Since no regressions or test blockers are allowed between releases, it is also being identified as a blocker for this release. Please resolve ASAP.

Comment 9 Red Hat Bugzilla Rules Engine 2018-08-22 14:20:49 UTC
This bug report has Keywords: Regression or TestBlocker.
Since no regressions or test blockers are allowed between releases, it is also being identified as a blocker for this release. Please resolve ASAP.

Comment 10 Ryan Barry 2019-01-21 13:34:21 UTC
Re-targeting, because these bugs either do not have blocker+, or do not have a patch posted

Comment 13 Michal Skrivanek 2019-03-14 13:22:09 UTC
right, I propose to close it. WDYS?

Comment 14 RHEL Program Management 2019-03-14 13:22:13 UTC
This bug report has Keywords: Regression or TestBlocker.
Since no regressions or test blockers are allowed between releases, it is also being identified as a blocker for this release. Please resolve ASAP.

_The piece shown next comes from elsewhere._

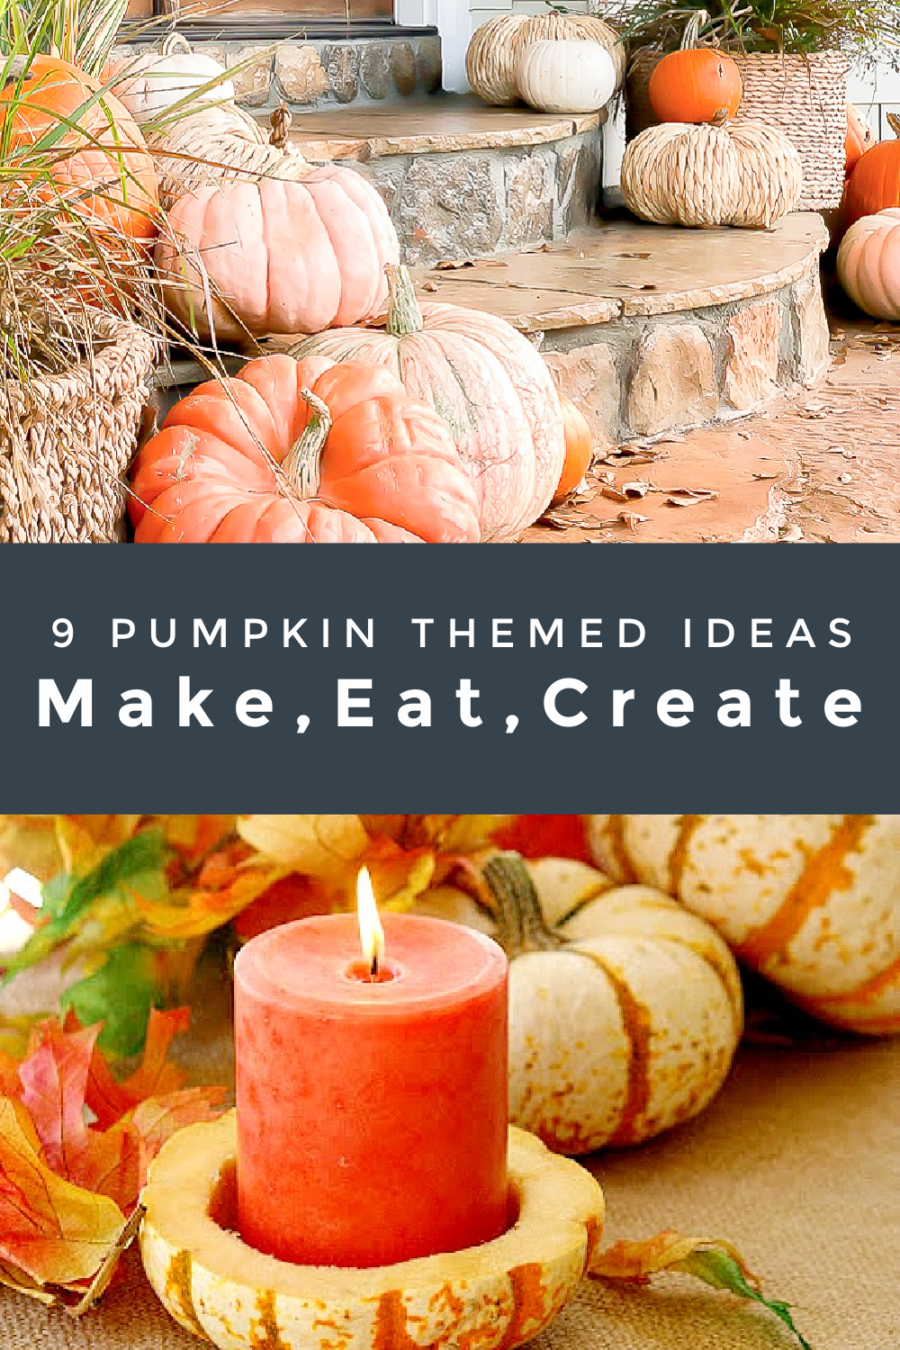 9 Pumpkin Themed Ideas

Comment 15 Ryan Barry 2019-03-19 10:14:44 UTC
Lukas, still reproducible?

Comment 16 Lucie Leistnerova 2019-03-20 14:40:10 UTC
I've tested cluster upgrade in 4.1.11 -> 4.2.8 -> 4.3.2 with paused VM and it always ran again without any problem. So this BZ can be closed and reopen, when the problem appears again.